DATASET RECORDS:

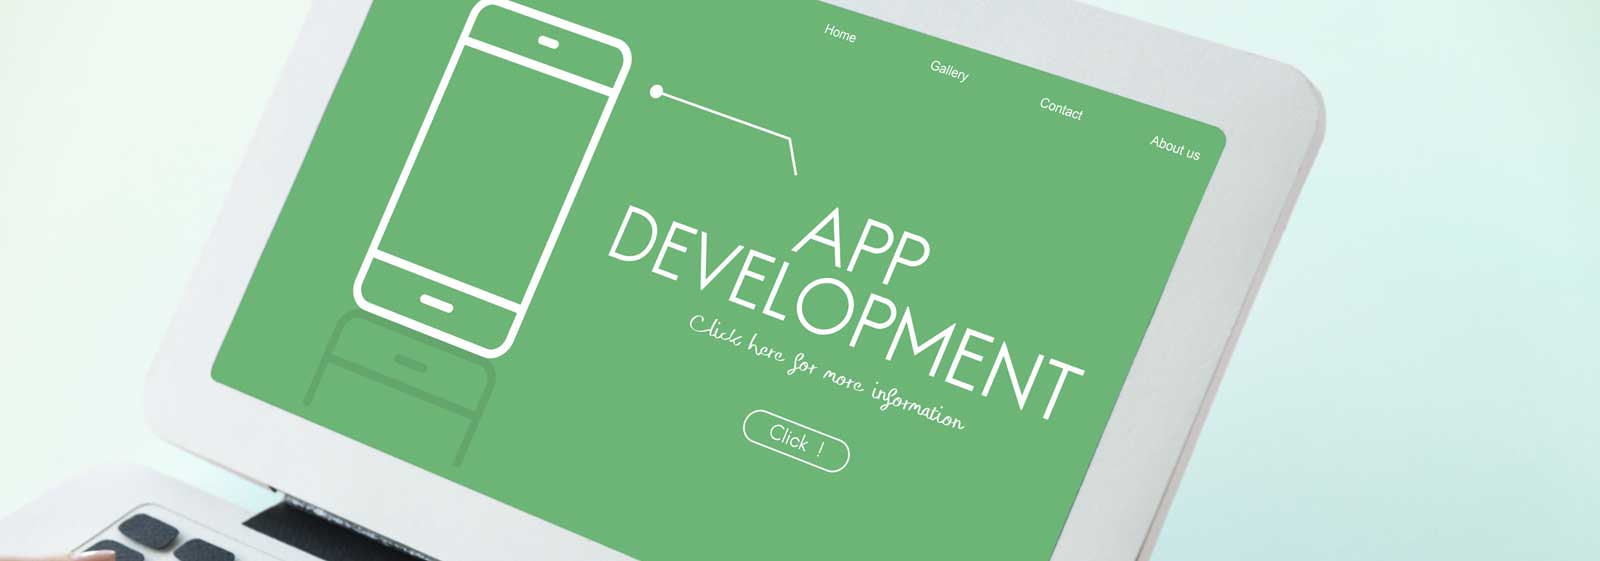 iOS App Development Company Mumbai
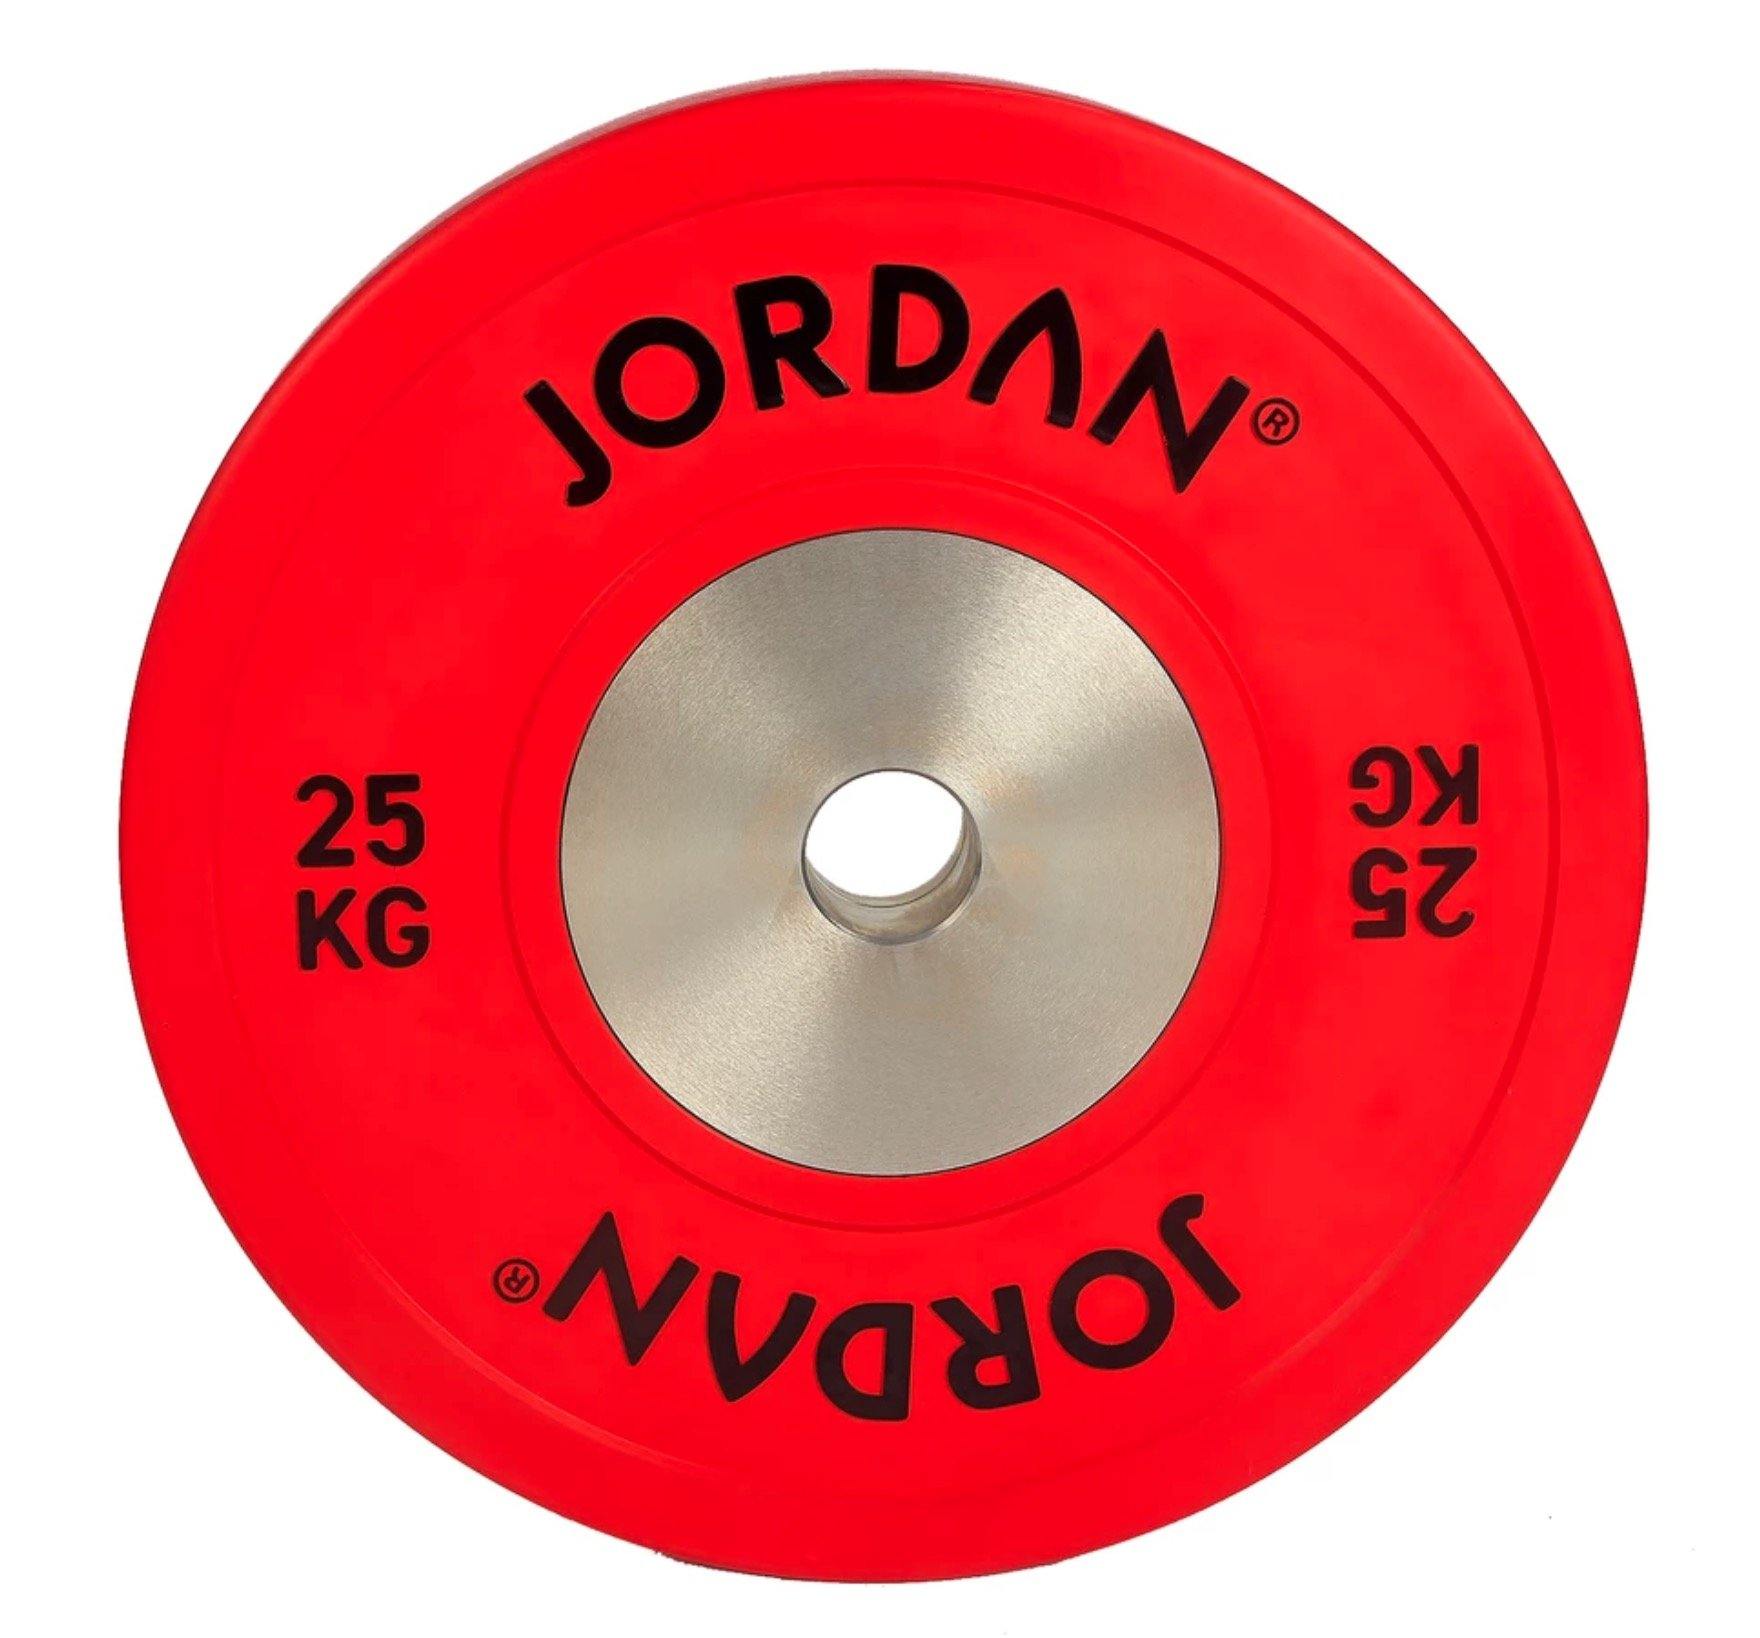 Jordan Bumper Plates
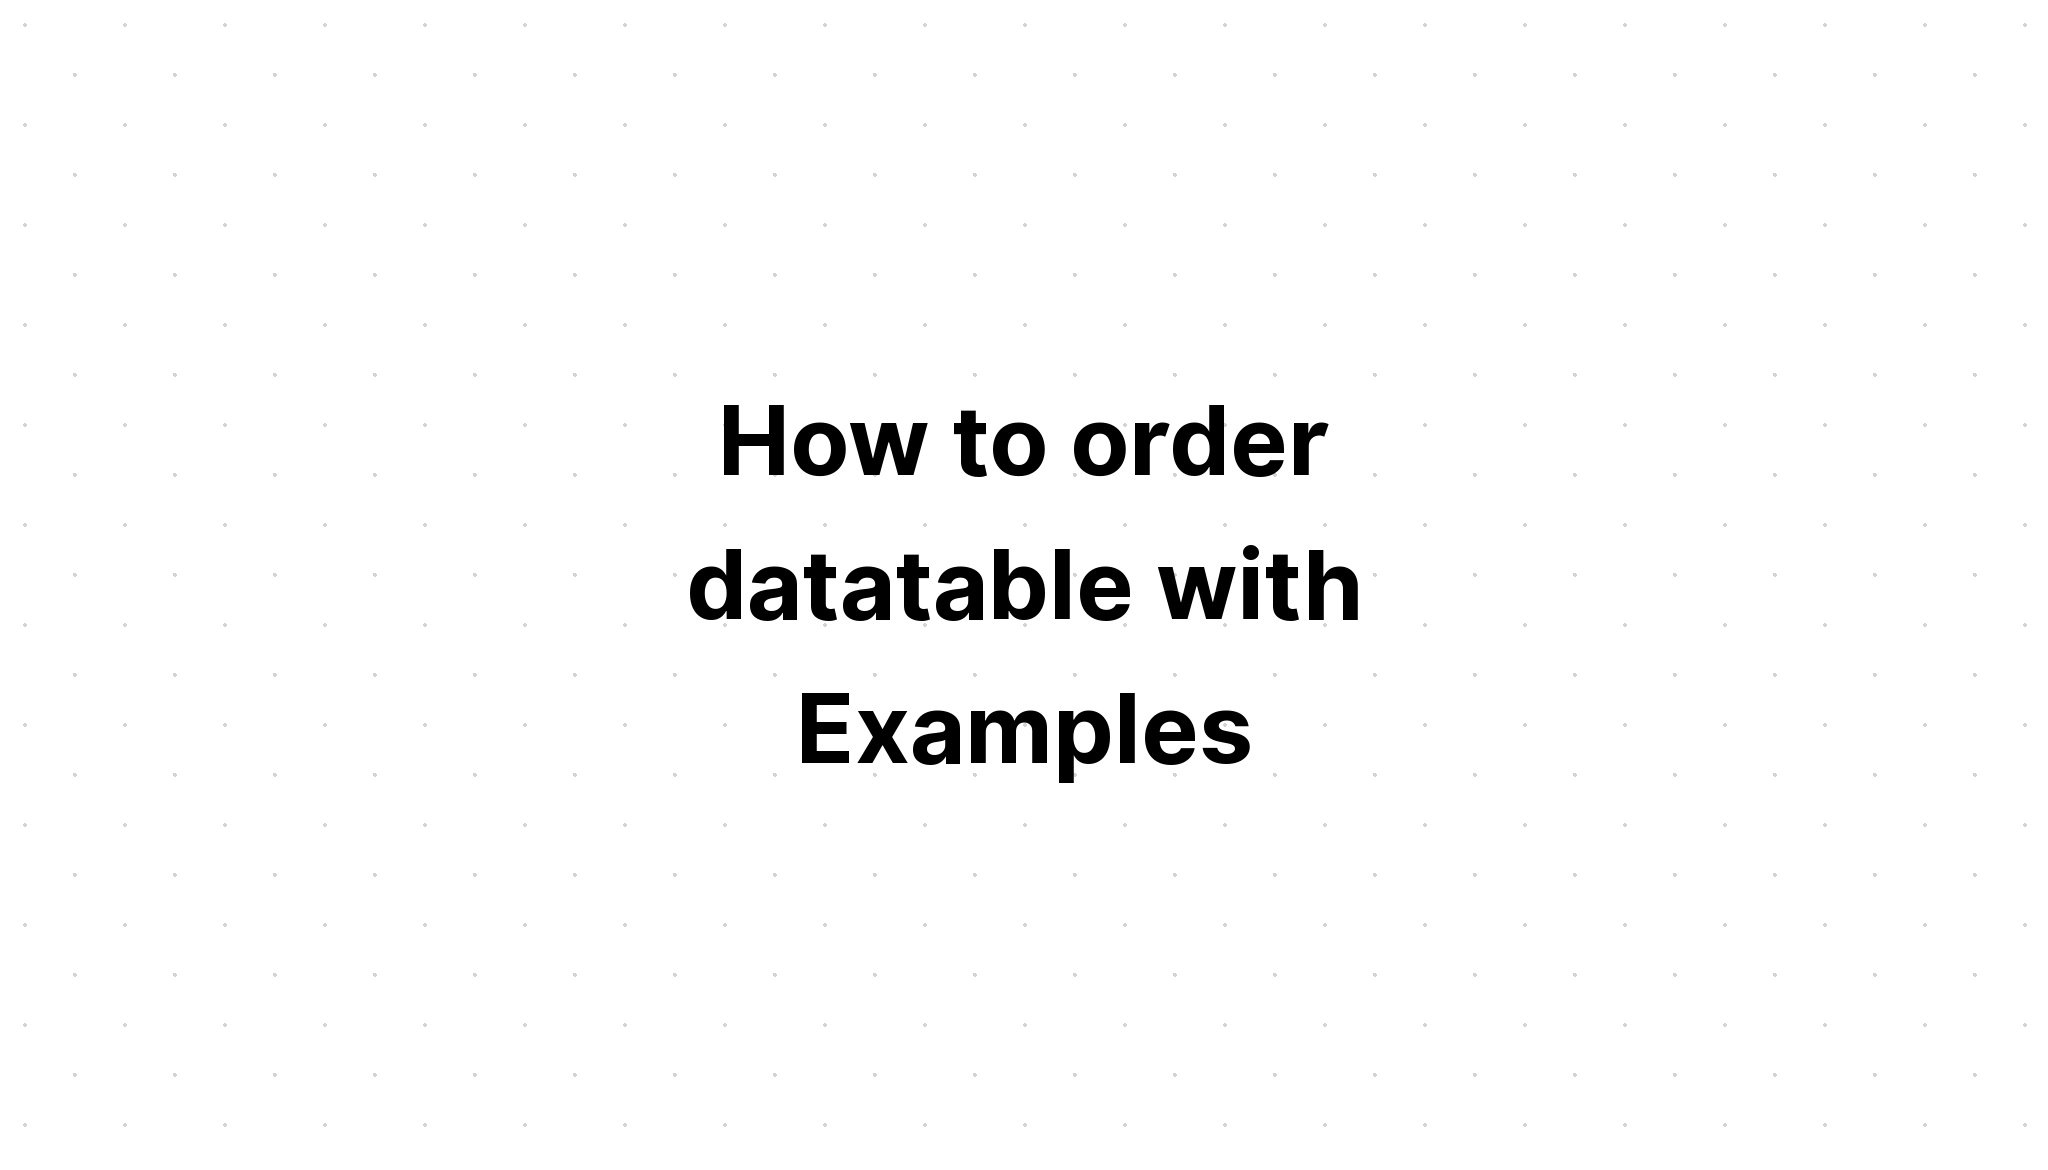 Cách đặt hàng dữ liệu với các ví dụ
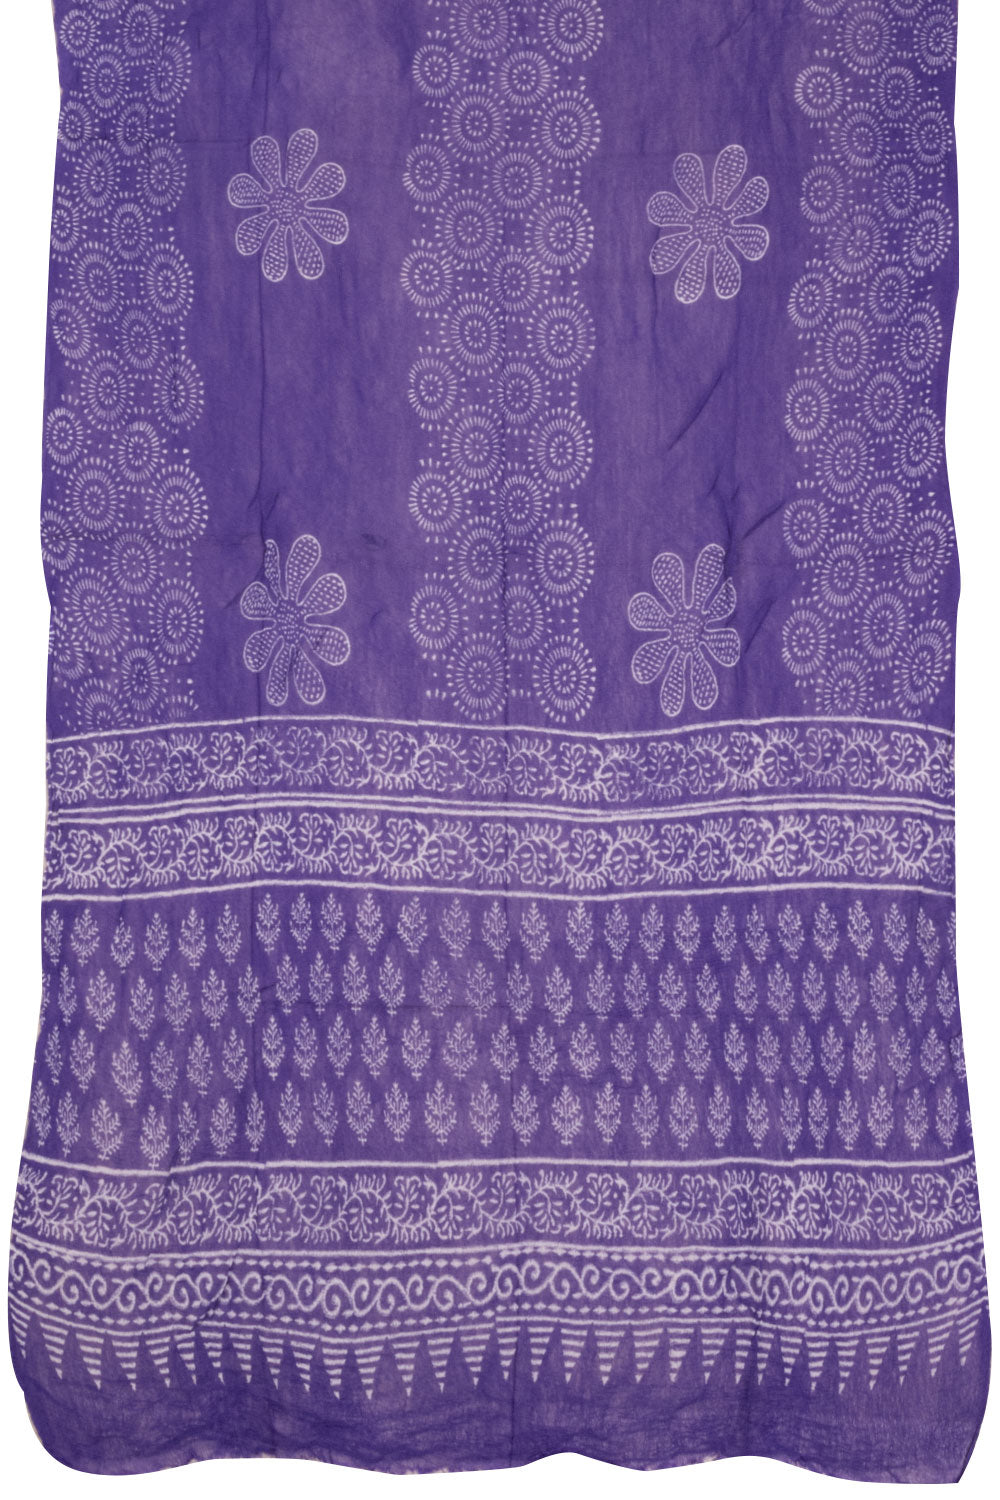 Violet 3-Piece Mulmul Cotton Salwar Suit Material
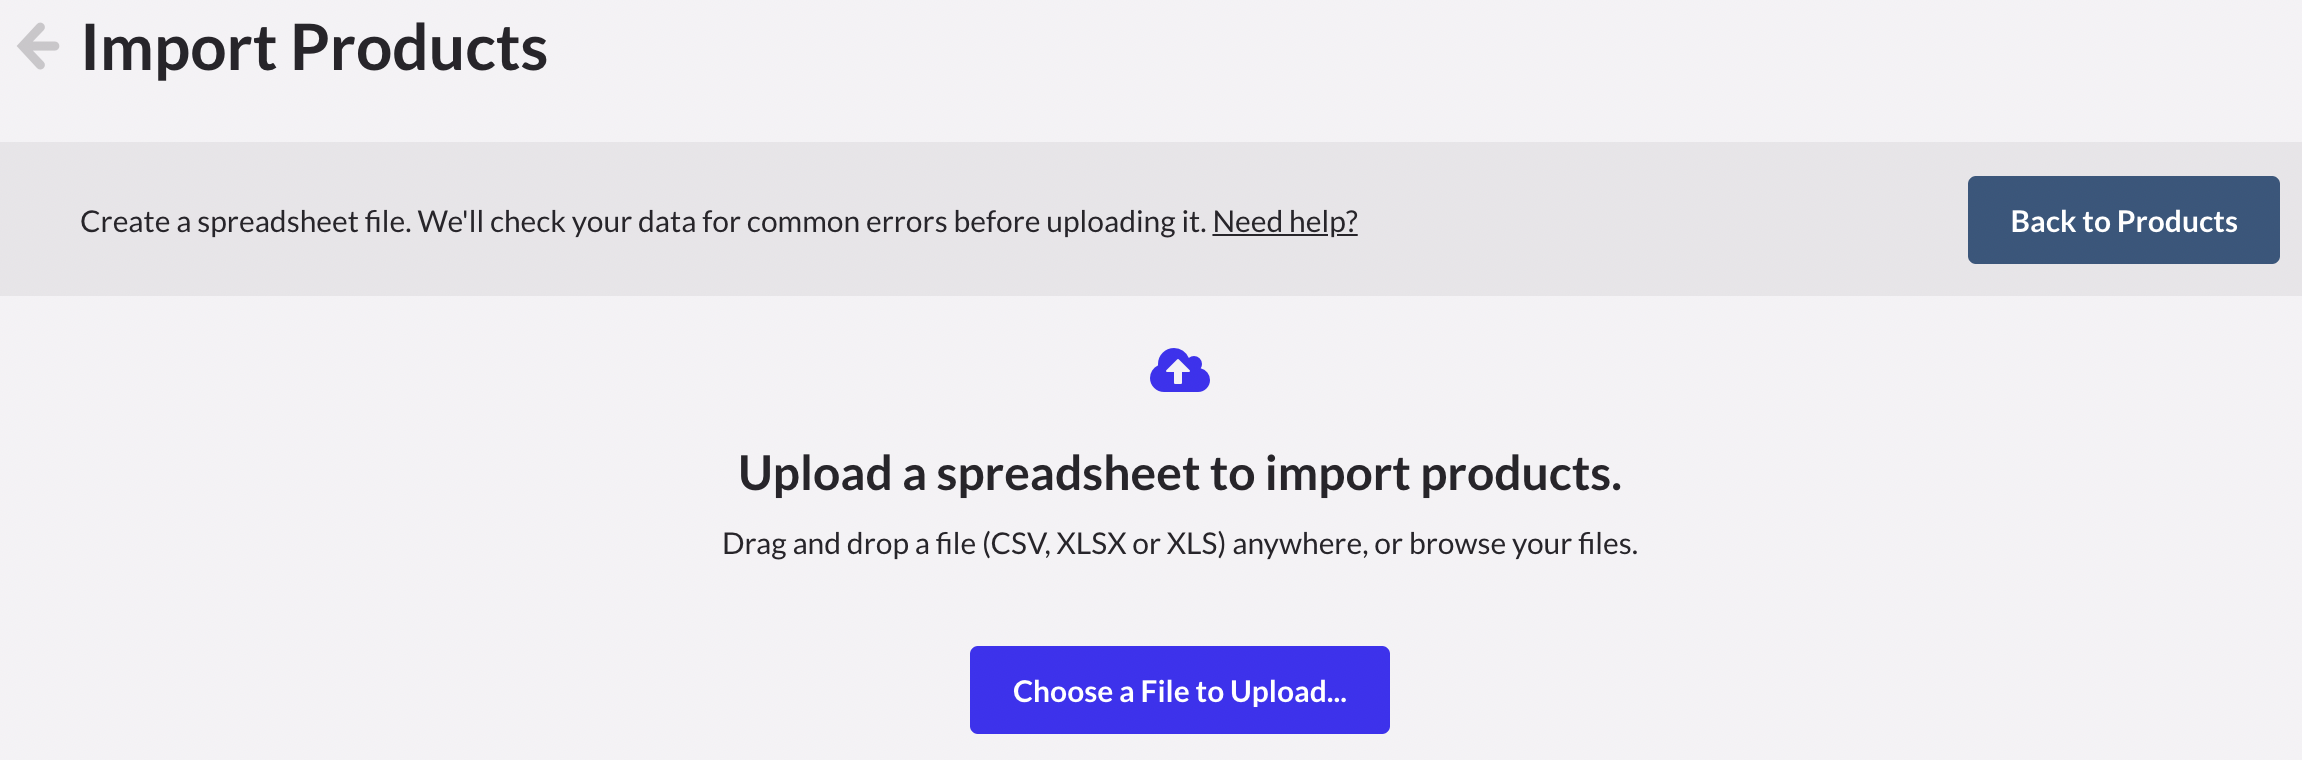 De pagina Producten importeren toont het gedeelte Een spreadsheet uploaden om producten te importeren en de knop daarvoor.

EXERCISE: The copy you produce must repeat all the entries exactly and contain no pictures.

WRITTEN RESPONSE:
 iOS App Development Company Mumbai
 Jordan Bumper Plates
 Cách đặt hàng dữ liệu với các ví dụ
 Violet 3-Piece Mulmul Cotton Salwar Suit Material
 De pagina Producten importeren toont het gedeelte Een spreadsheet uploaden om producten te importeren en de knop daarvoor.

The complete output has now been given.